A Dose of Empathy: Understanding the Root of COVID Vaccine Resistance
The COVID-19 vaccine has been available to the public for nearly a year. Despite many reports on the vaccine’s safety, and the fact that it’s widely available and at no cost, many patients remain hesitant to receive it.
Researchers from Johns Hopkins found that the higher the Social Vulnerability Index (SVI) score of a community, the more likely it was to have high vaccine hesitancy. Counties with high SVI scores had vaccination rates at 17%, compared to 19% in communities with low-moderate SVI ratings.
According to the CDC, “Social vulnerability refers to the potential negative effects on communities caused by external stresses on human health.”
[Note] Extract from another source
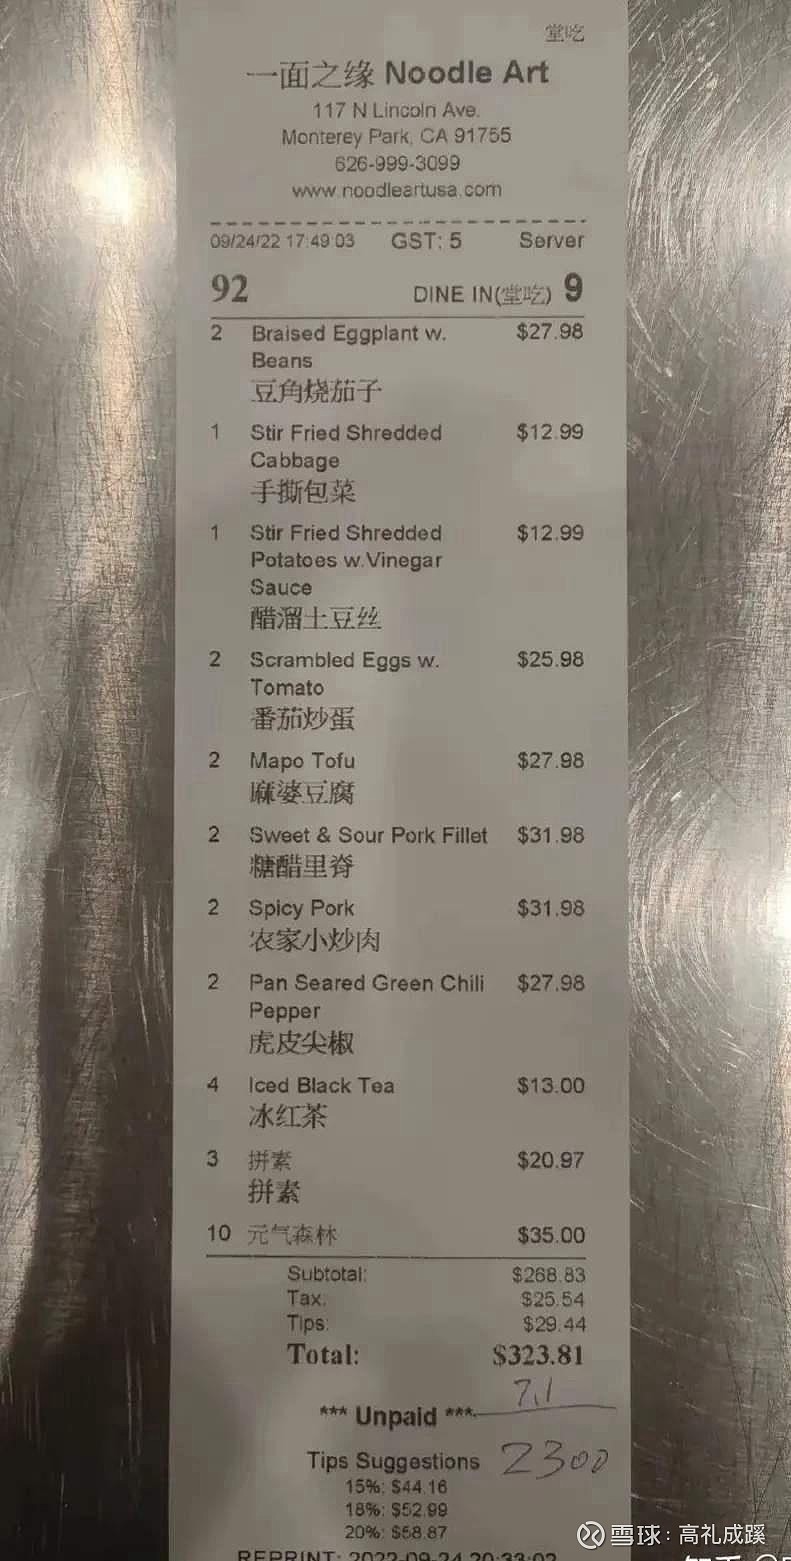 美国中餐物价，可能展示美元与人

The Johns Hopkins researchers also found that during the first weeks of the vaccine rollout, communities had similar vaccine hesitancy, no matter their SVI score. However, by April, high hesitancy communities quickly emerged.
“By August, the researchers noted a 9-percentage point gulf in vaccine receipt between high- and moderate-hesitancy counties and a 17-percentage point difference between high- and low-hesitancy counties,” wrote Patient Engagement HIT
Racial health disparities also play a role in COVID-19 vaccination. Not only are Black patients more likely to have a COVID infection than white patients, they’re also more hesitant to receive the vaccine due to distrust of the medical system due to racism.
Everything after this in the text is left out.